In the late 1970s I was primarily guiding on the Stanislaus River — the famous “Camp Nine” stretch. This was nine miles of some of the best Class III whitewater in the state, if not the nation. At one point it winds past a nearly 1,000 foot cliff of gray-green limestone rock. Oak and madrone trees dot the river bank amidst dry grass, manzanita and poison oak. Sandy beaches and great campsites were plentiful, and a creek three miles down from put-in provided an excellent swimming and lunch location.

This was all before it was dammed and flooded by a reservoir, which is another story. Read this book if you’re interested.

When you learn to be a river guide you learn that the two biggest things to avoid are flipping the boat (turning it upside and dumping everyone in the water) and “wrapping” the boat. In a “wrap”, the boat literally wraps itself around a rock and is trapped there by the downstream water pressure.

On this stretch is a rapid called WidowMaker. The entrance to the rapid sends you directly toward a huge boulder that you must miss. You can always go left of this rock, but at the right water level there is a really sweet little channel to the right. If you hit this right, the boat slides between the boulder and a rock wall on shore and it really impresses the passengers. However, there must be enough water or else you could get lodged there.

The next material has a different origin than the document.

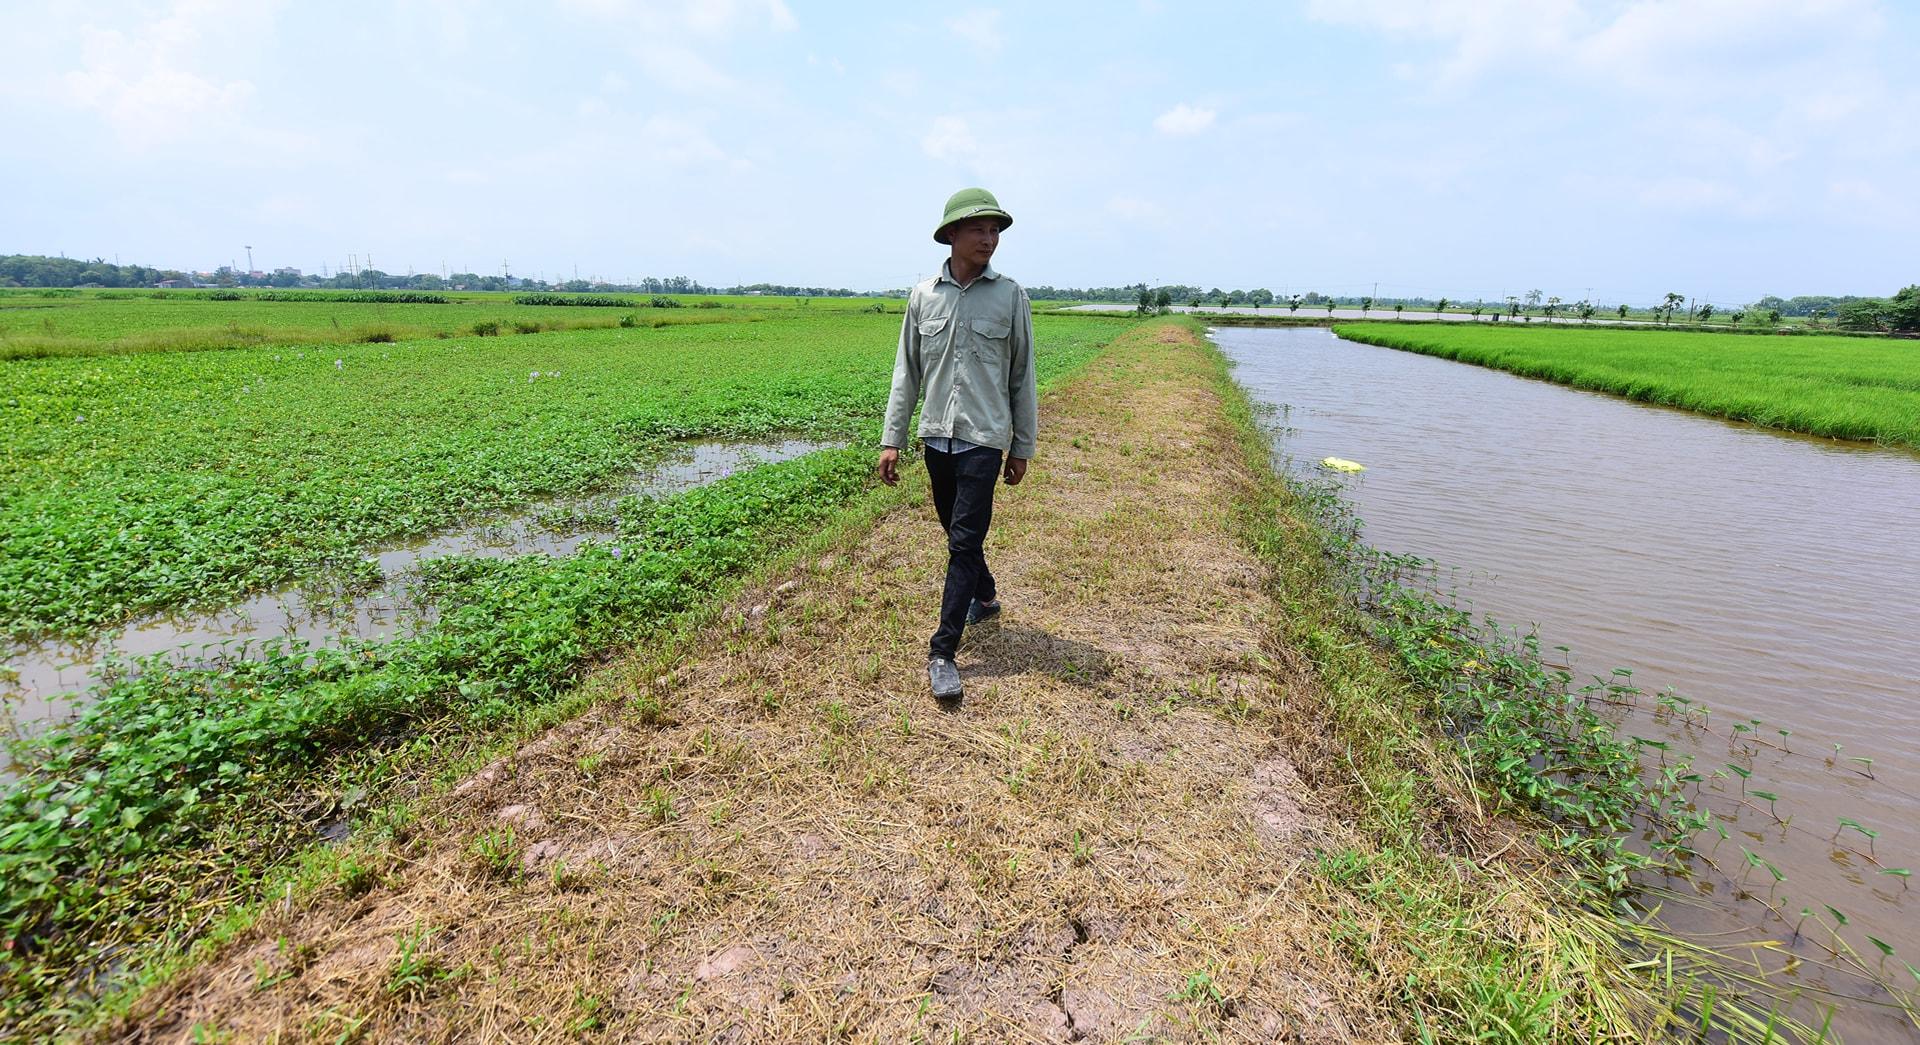 Triệu đi trên cánh đồng trũng, nơi có dự án 'khu công nghiệp' chưa bao giờ được khởi công

The problem is that you can’t get a good look at the channel until you drop into the rapid, which means you must decide right away whether you are going to take the channel to the right or not. As an inexperienced guide in my first season I made the mistake of hesitating. The result was that the boat came up sideways against the rock and was wrapped (see photo).

That day I learned the important lesson that doing nothing can be a decision. Also that sometimes it really doesn’t matter what you decide so long as you decide and act.

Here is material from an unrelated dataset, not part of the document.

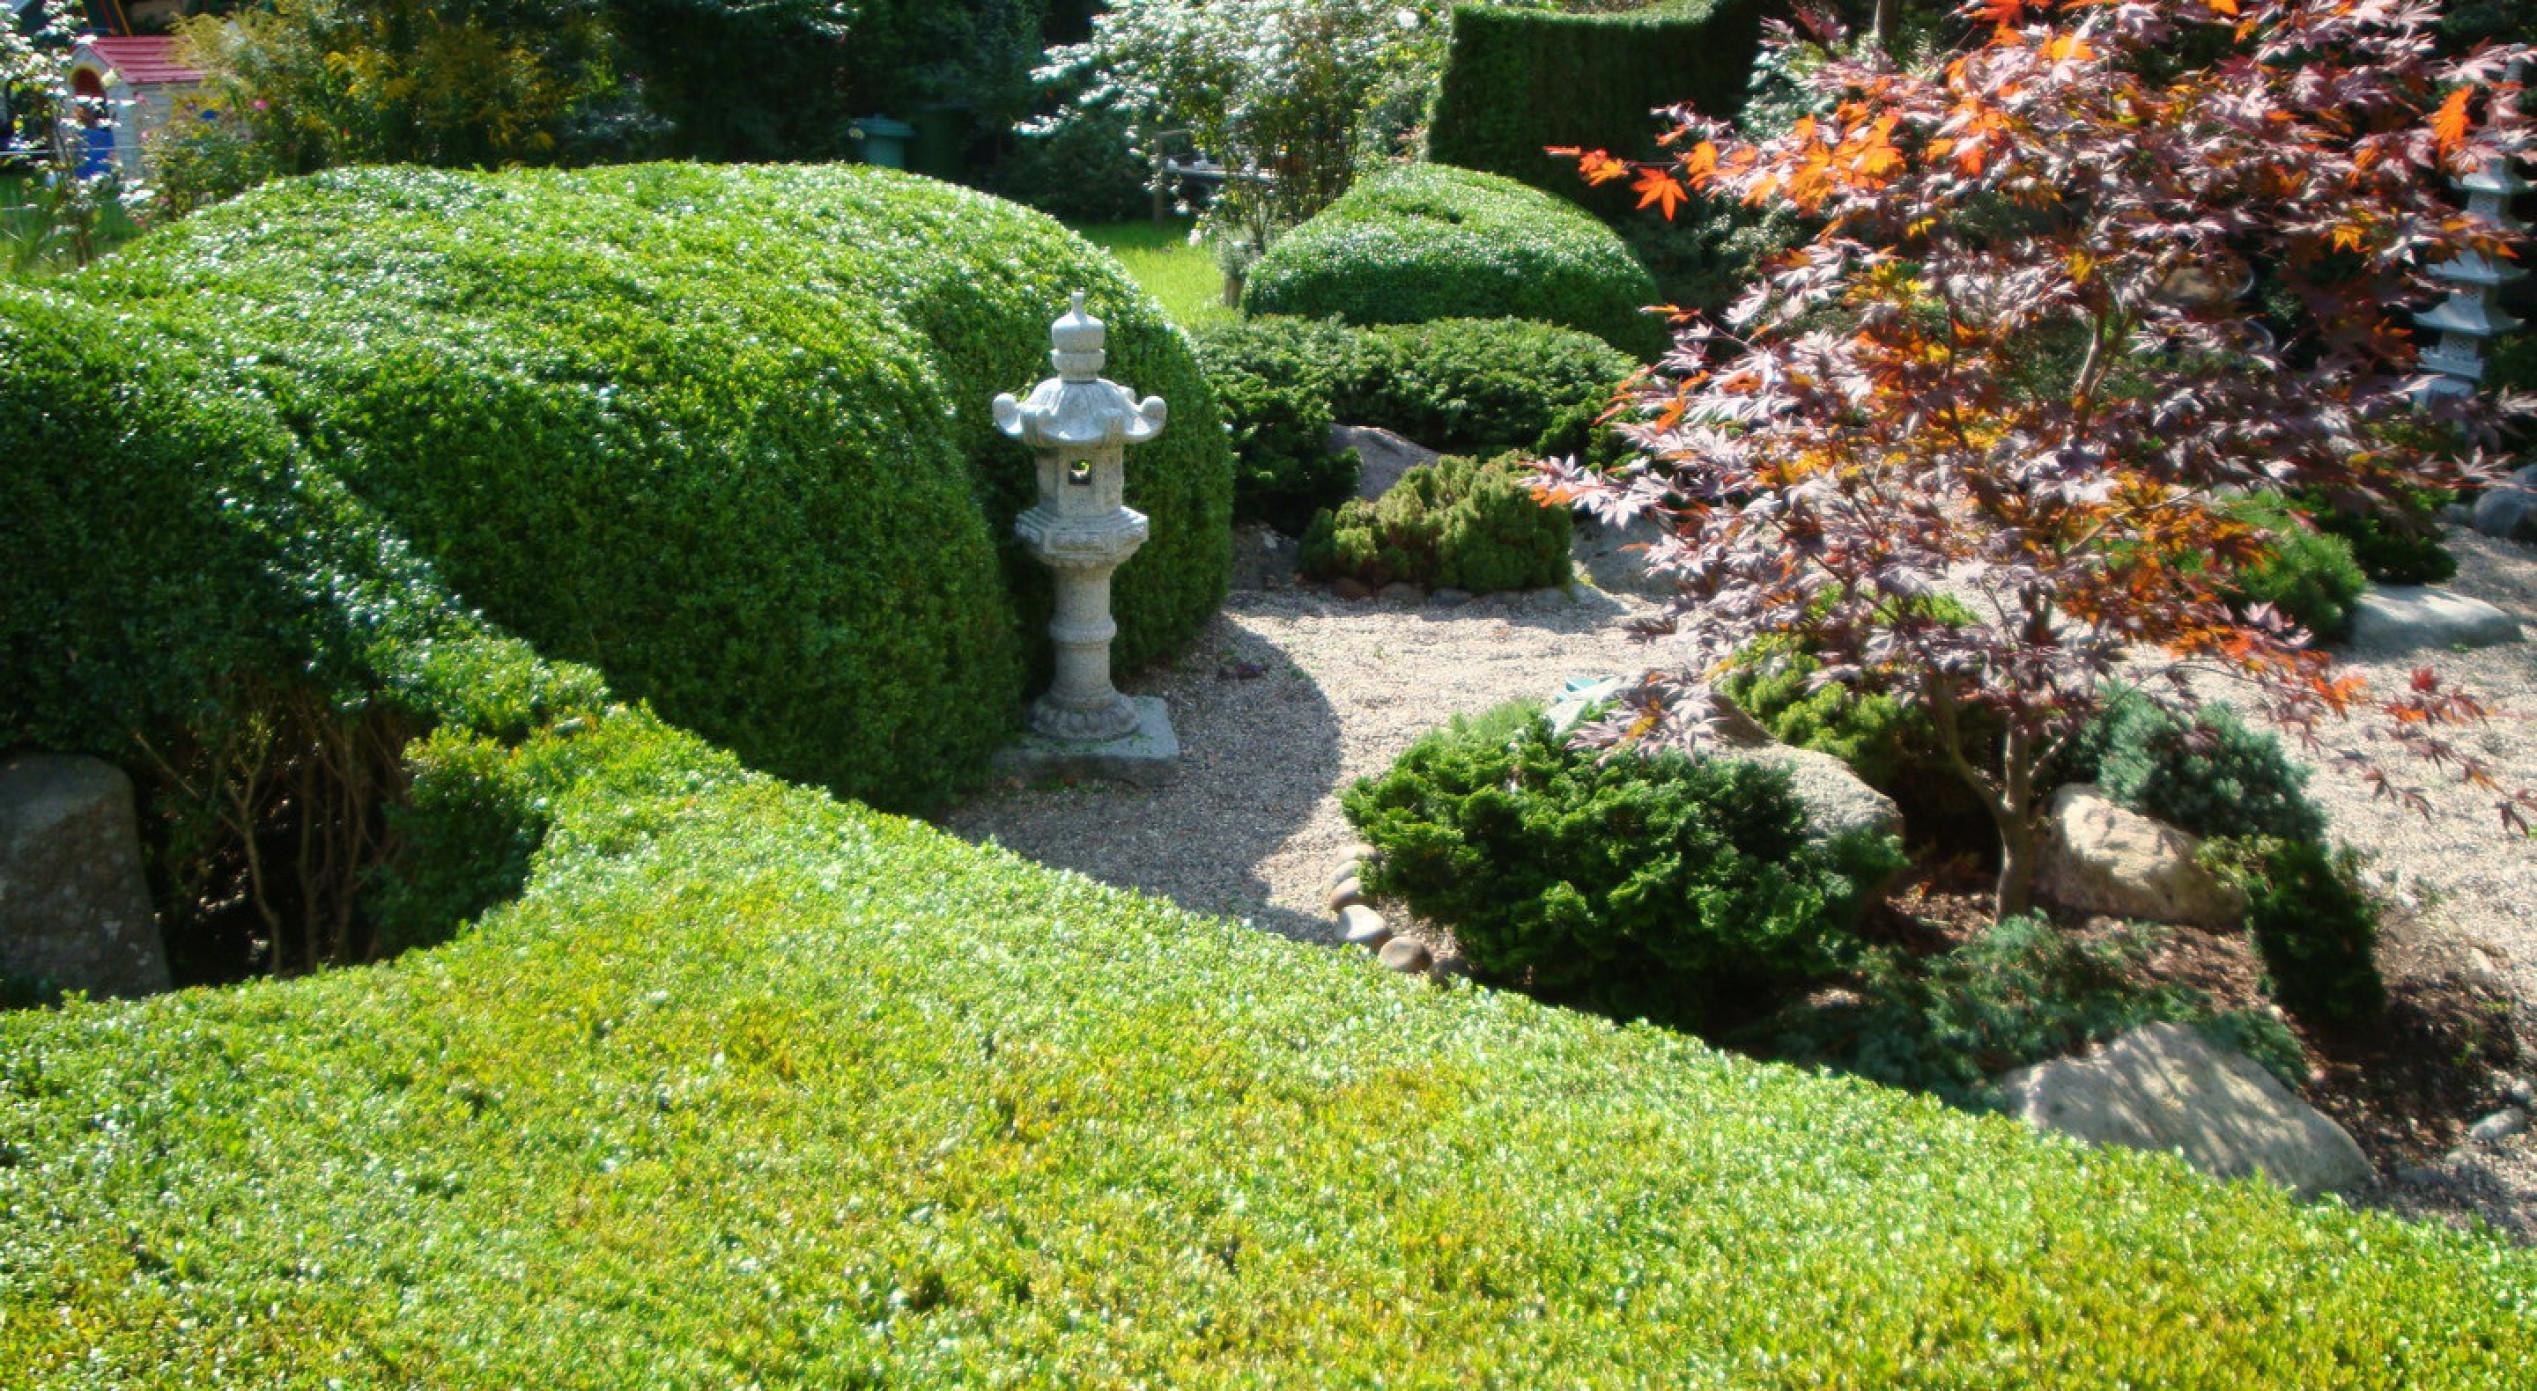 Gartenanlagen Bilder niwa gartenanlagen über uns

So let’s bring this around to libraries. Although most of our decisions are not of the variety I describe above, it is still possible to delay a decision until it is too late to matter. Also, if you’re agonizing over a choice between two decent alternatives, perhaps you shouldn’t be agonizing at all. The important thing might be to just get on with it. For some decisions at least, forging ahead can be a lot more effective than wasting time considering trivial differences between paths.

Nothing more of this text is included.